*Task statement*
When copying the data below, keep only the lines from the one with "Brands MSC Modern" through the one with "quick home remedies for ulcers [infographic]", word for word, and skip the pictures.

*Provided data*
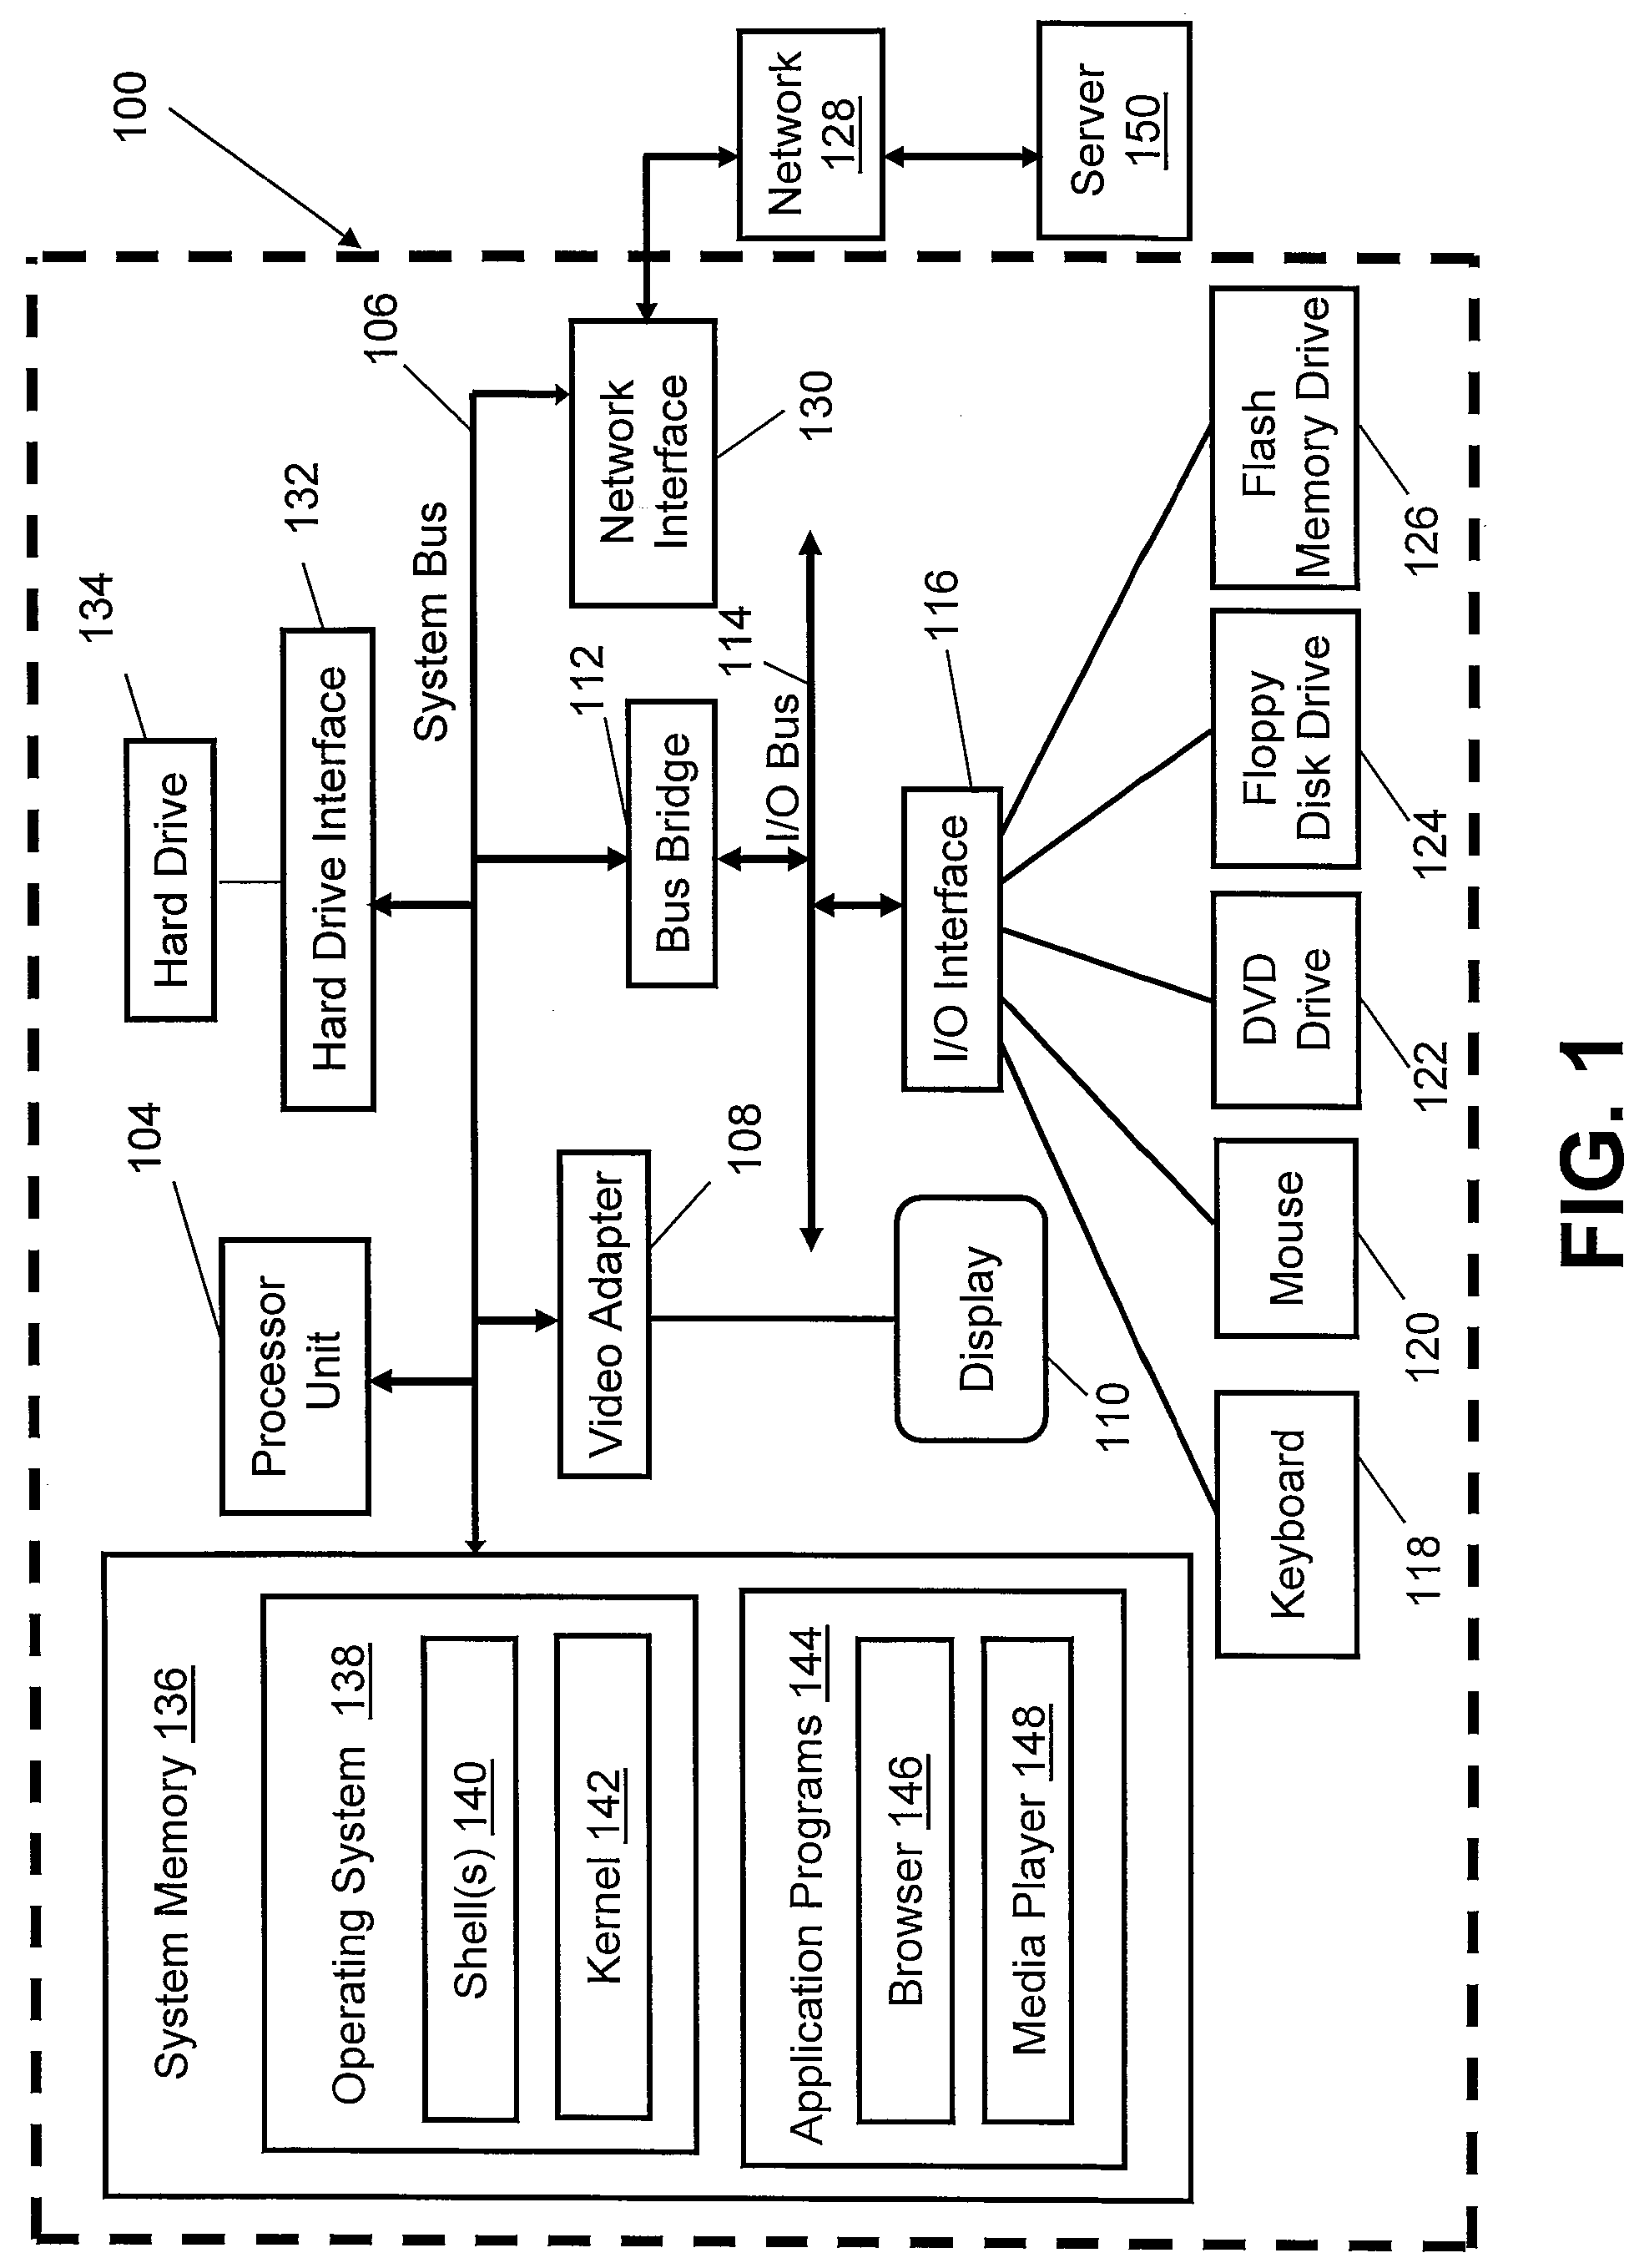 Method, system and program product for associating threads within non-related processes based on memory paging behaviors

* * *

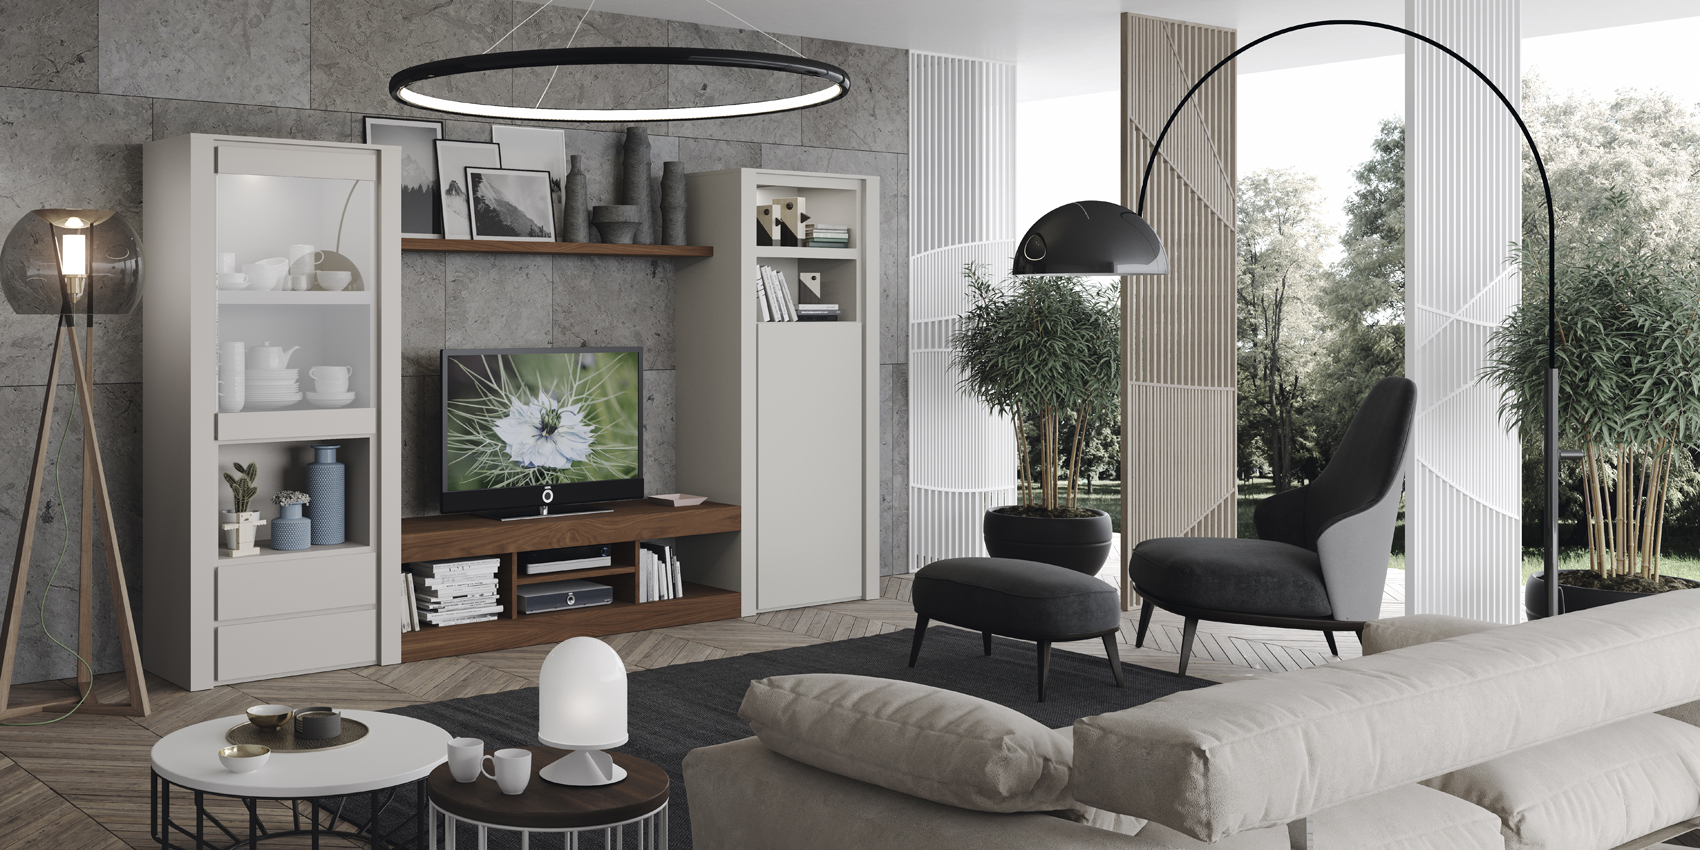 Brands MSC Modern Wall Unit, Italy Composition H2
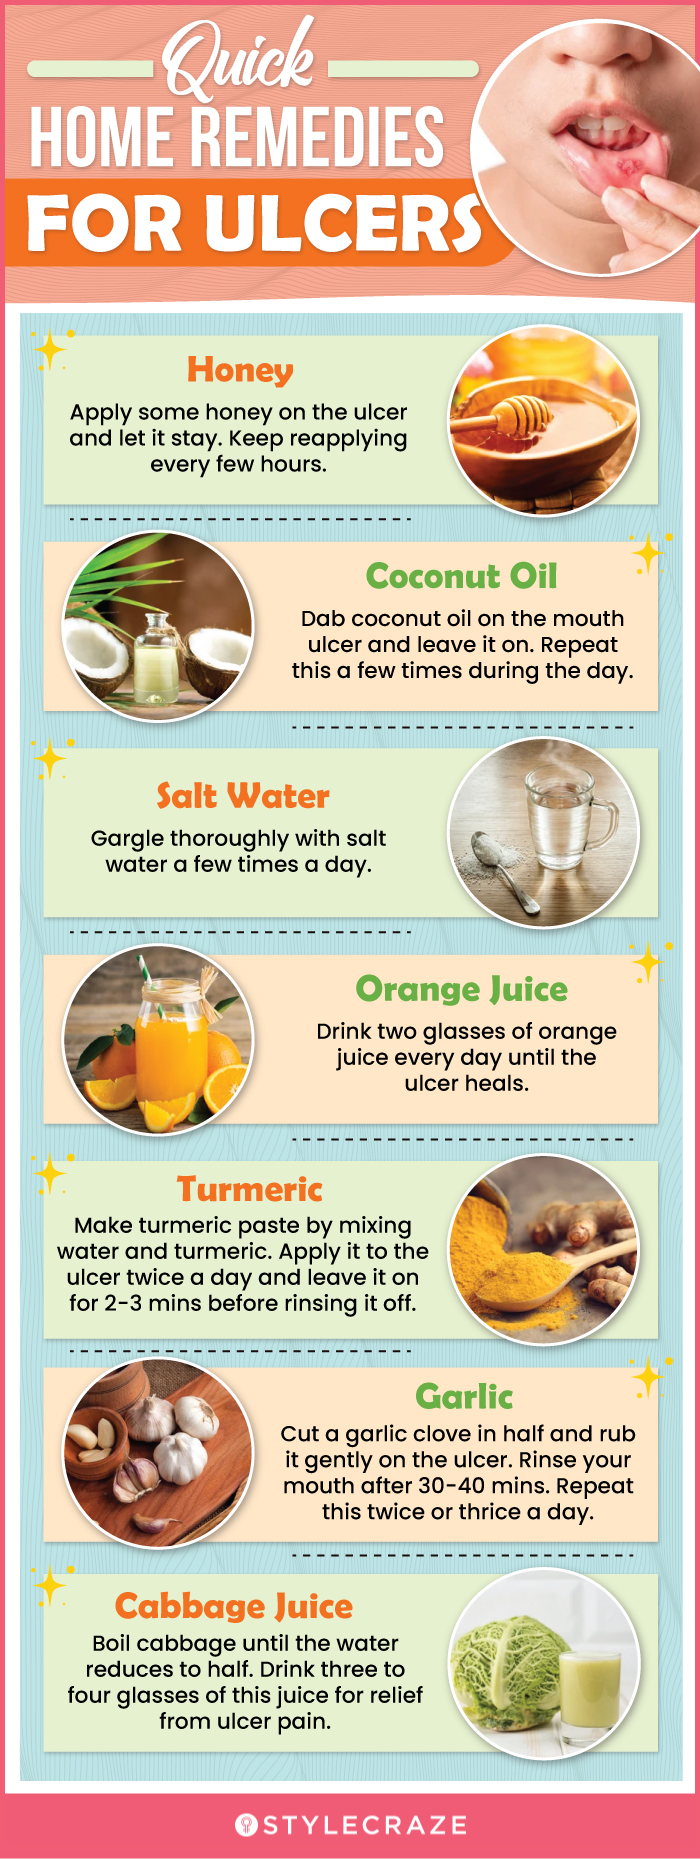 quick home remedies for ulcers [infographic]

---

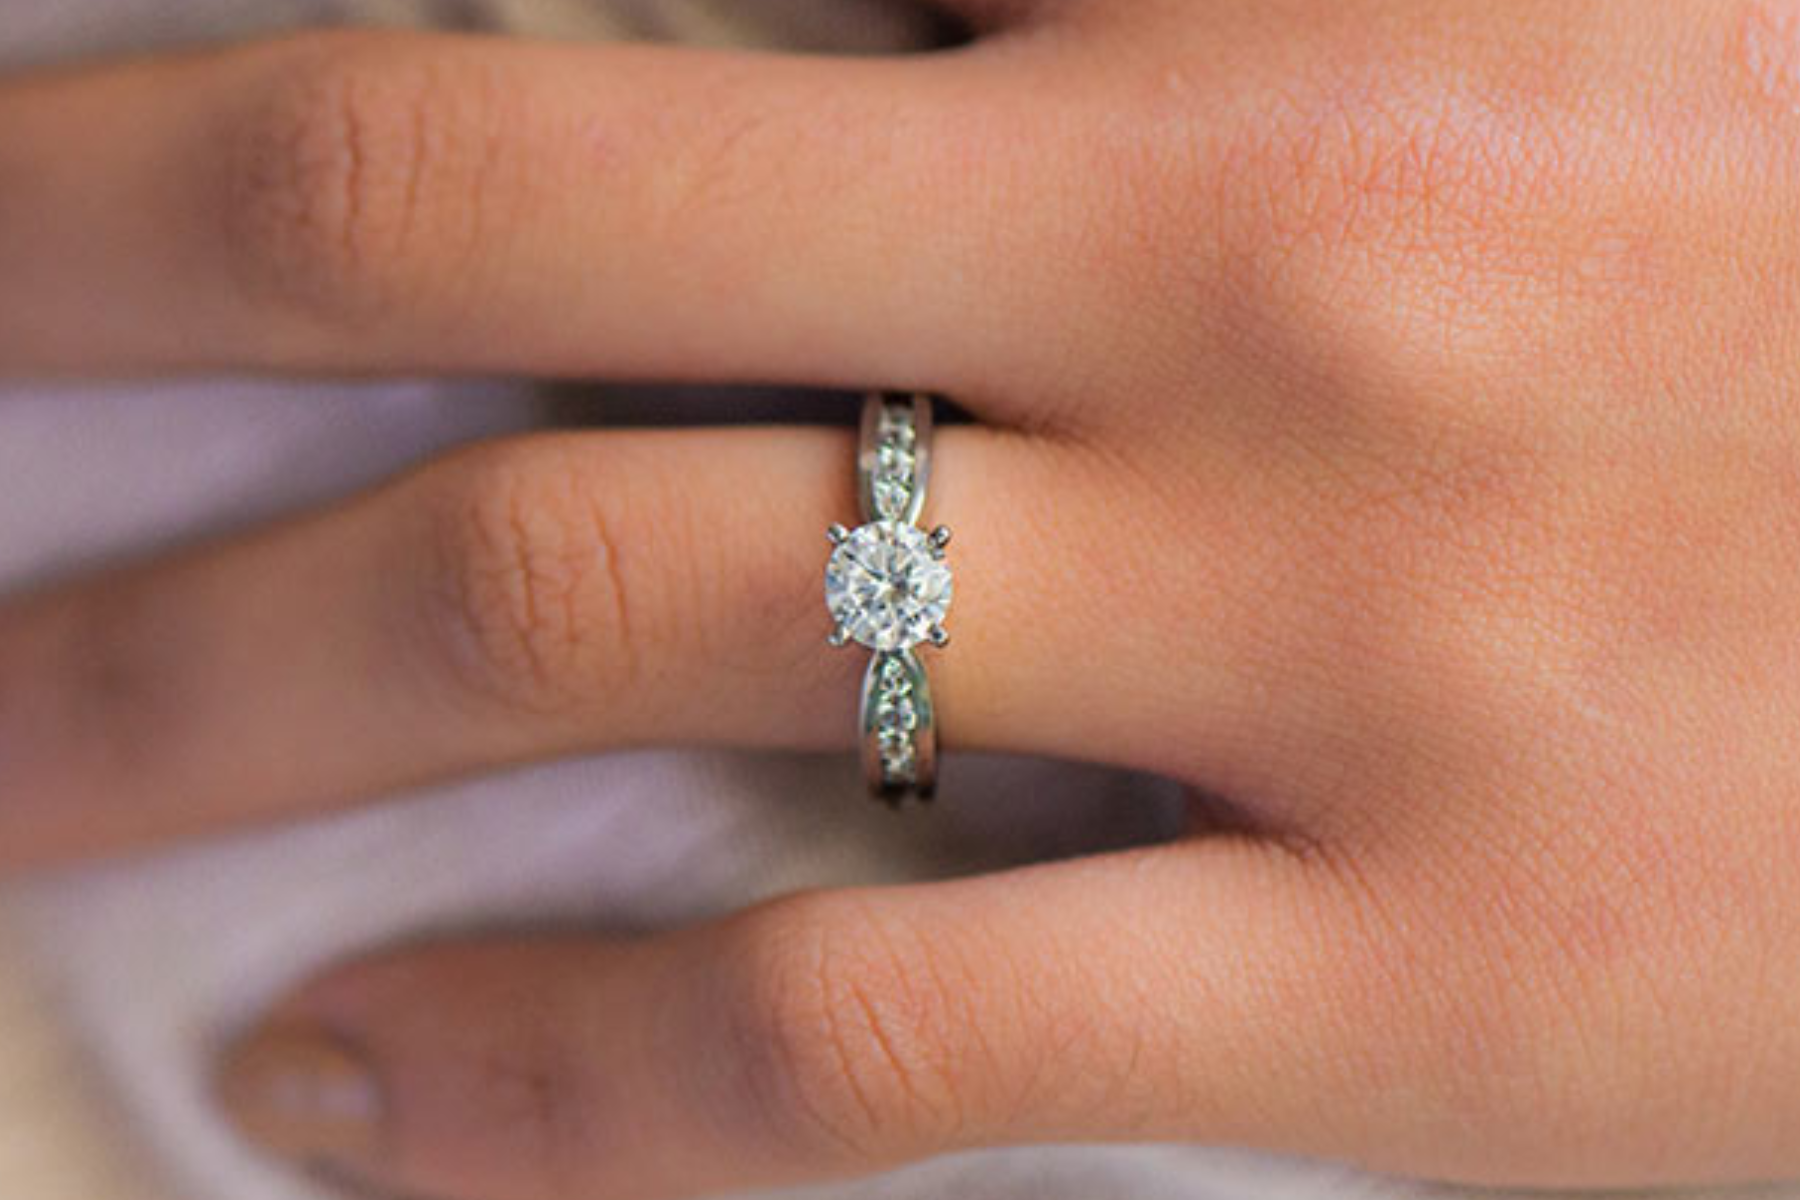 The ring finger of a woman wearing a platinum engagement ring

*Result below*
 Brands MSC Modern Wall Unit, Italy Composition H2
 quick home remedies for ulcers [infographic]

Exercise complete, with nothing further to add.